Support Questions

Find answers, ask questions, and share your expertise
Announcements
Celebrating as our community reaches 100,000 members! Thank you!

Maximum capacity per DataNode

avatar
New Contributor

 Is there any upper limit for maximum capacity per node? Can data nodes scale to more than 100TB/node? 

5 REPLIES 5

avatar
Mentor
There are no limits in the source code implementation, if that is what you are asking. There are practical limits such as replication bandwidth (applied at loss) and reporting load (for low-latency operations) that you will run into when exceeding storage boundaries.
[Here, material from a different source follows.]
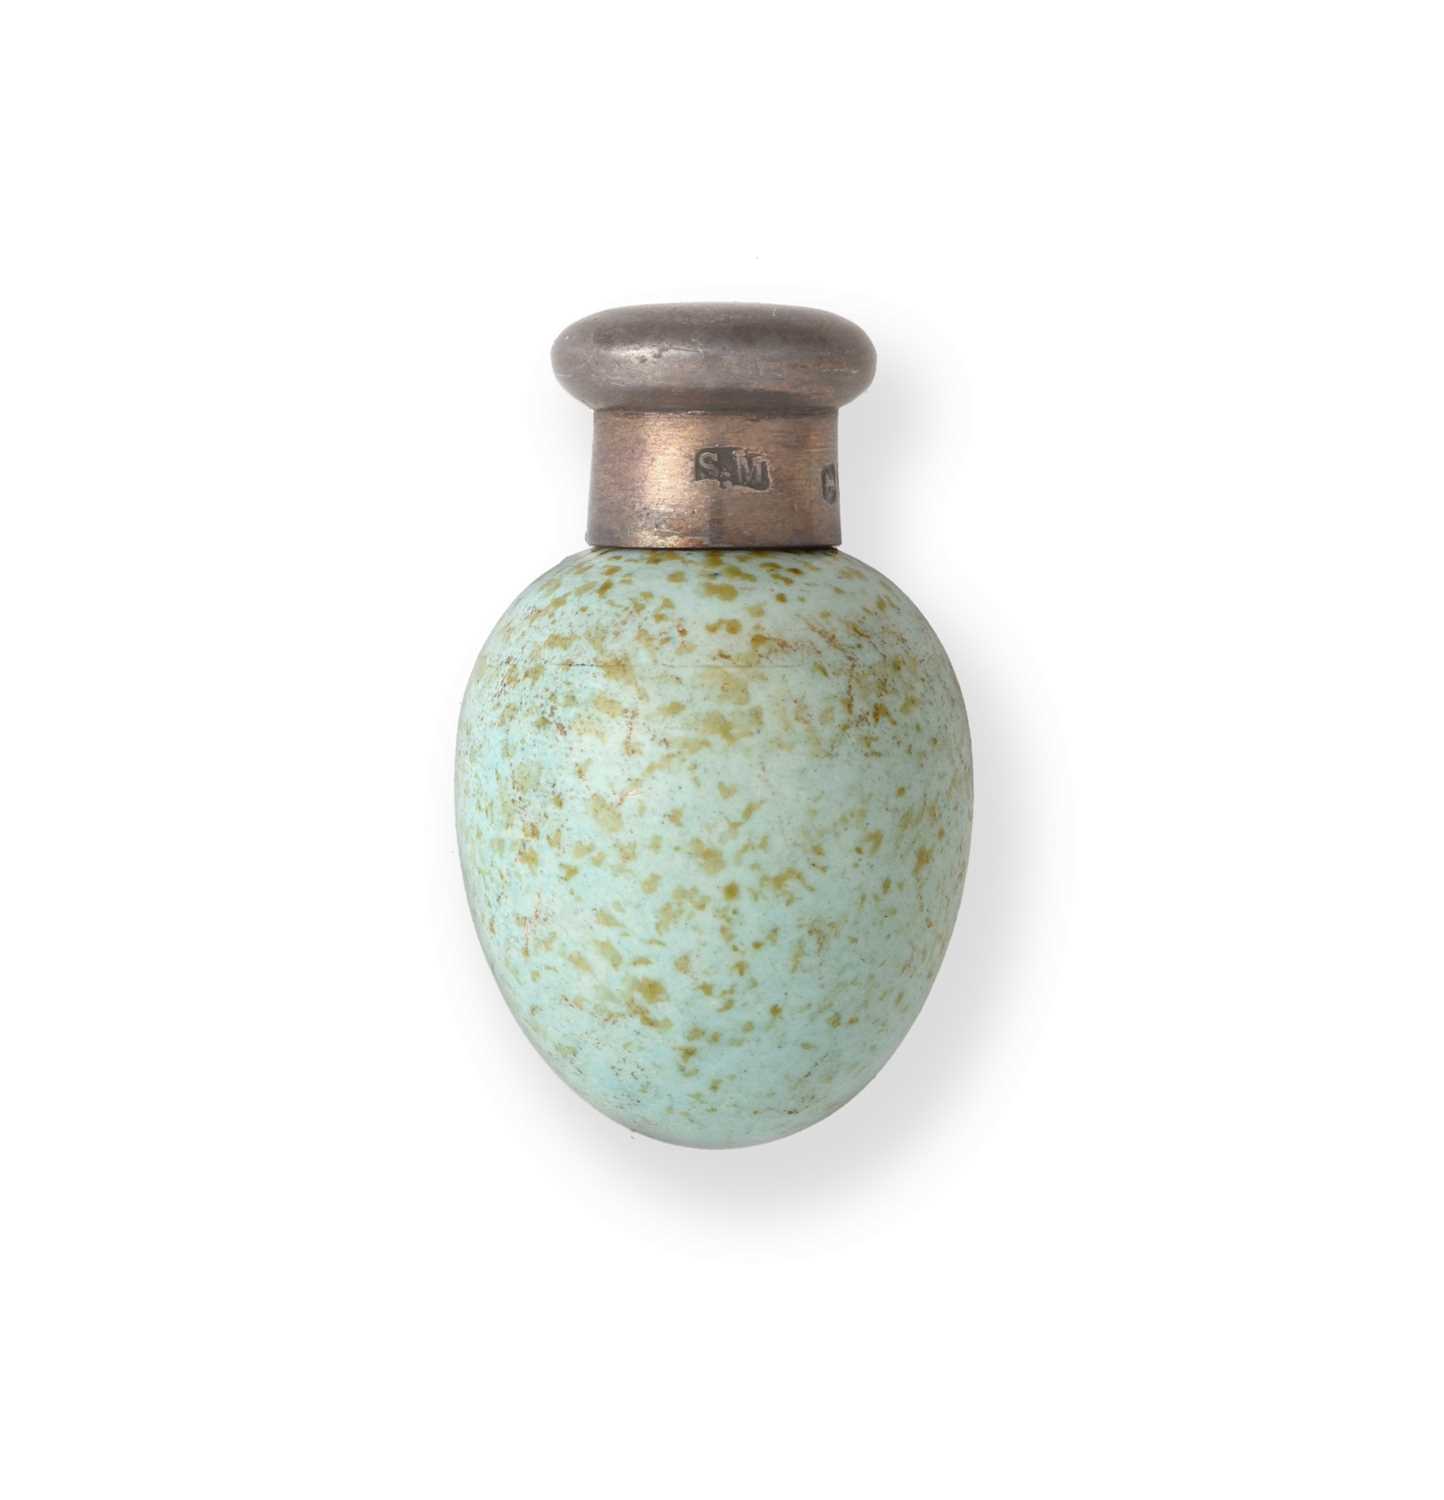 Lot 2054 - A Victorian Silver-Mounted Porcelain Scent-Bottle
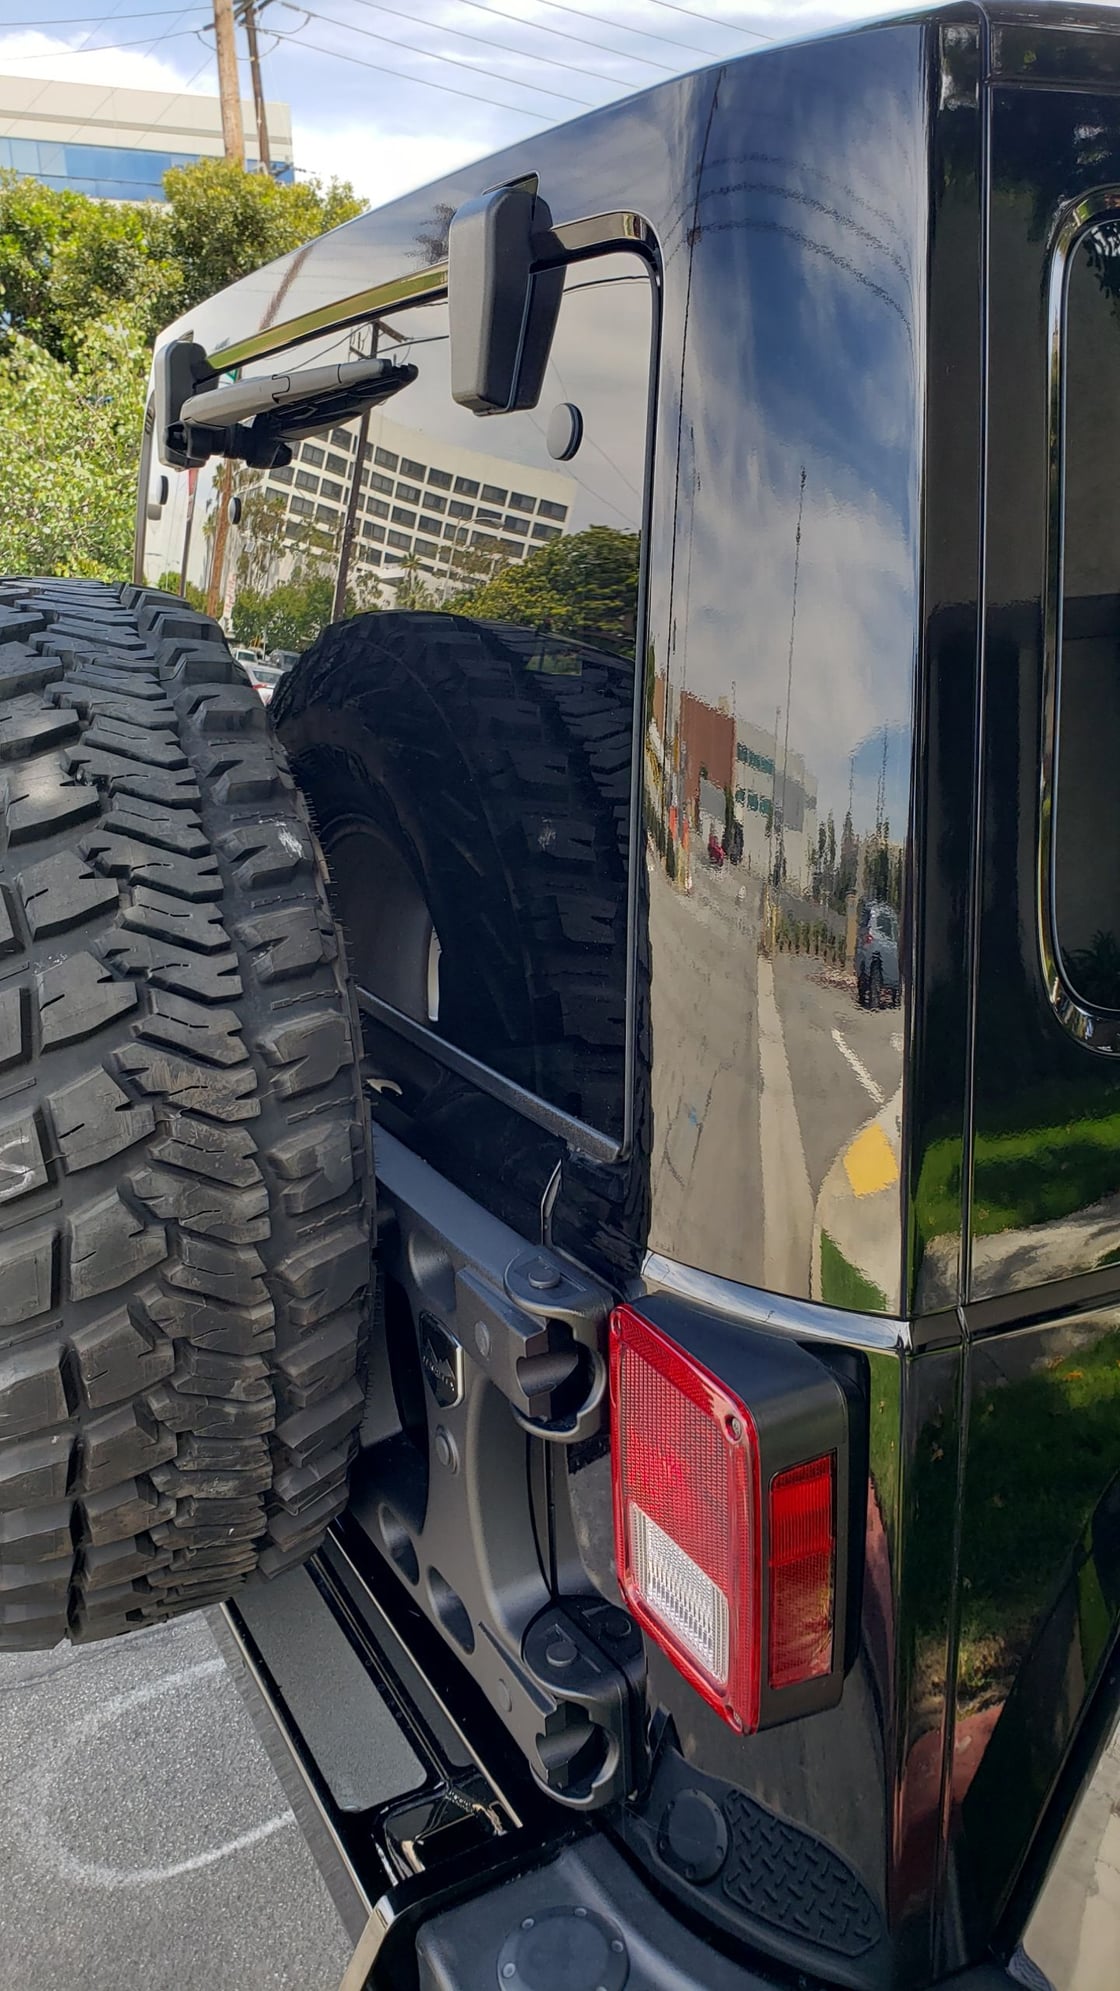 2014 Jeep Wrangler - 2014 AEV Jeep Rubicon, 42k mi - Used - VIN 1c4bjwcg9el241546 - 42,350 Miles - 6 cyl - 4WD - Automatic - SUV - Black - El Segundo, CA 90245, United States

See also our Hardware Requirements guide: https://www.cloudera.com/documentation/enterprise/release-notes/topics/hardware_requirements_guide.h...

avatar
New Contributor

Hi,

 

For a Data node with 100TB of size, how much RAM is required ??

avatar
Expert Contributor

That's mostly a function of blocks stored on a DataNode. For example, a rule of thumb is one GB heap size for DN for every one million blocks stored on that DN.

avatar
Mentor
Agreed. You shouldn't need more than 3-4 GiB of heap, going by an x3 or x4
factor of ideal block count for that storage (storage divided by block
size).

avatar
New Contributor

Can you provide more information on reporting load (for low-latency operations) issue when we have datanode with 100T+ storage? We need archive node for HDFS storage only purpose. No Yarn/spark running on it. It will only storage data based on storage migration policy. Node's network/storage IO bandwidth is considered be able to handle the larger storage size.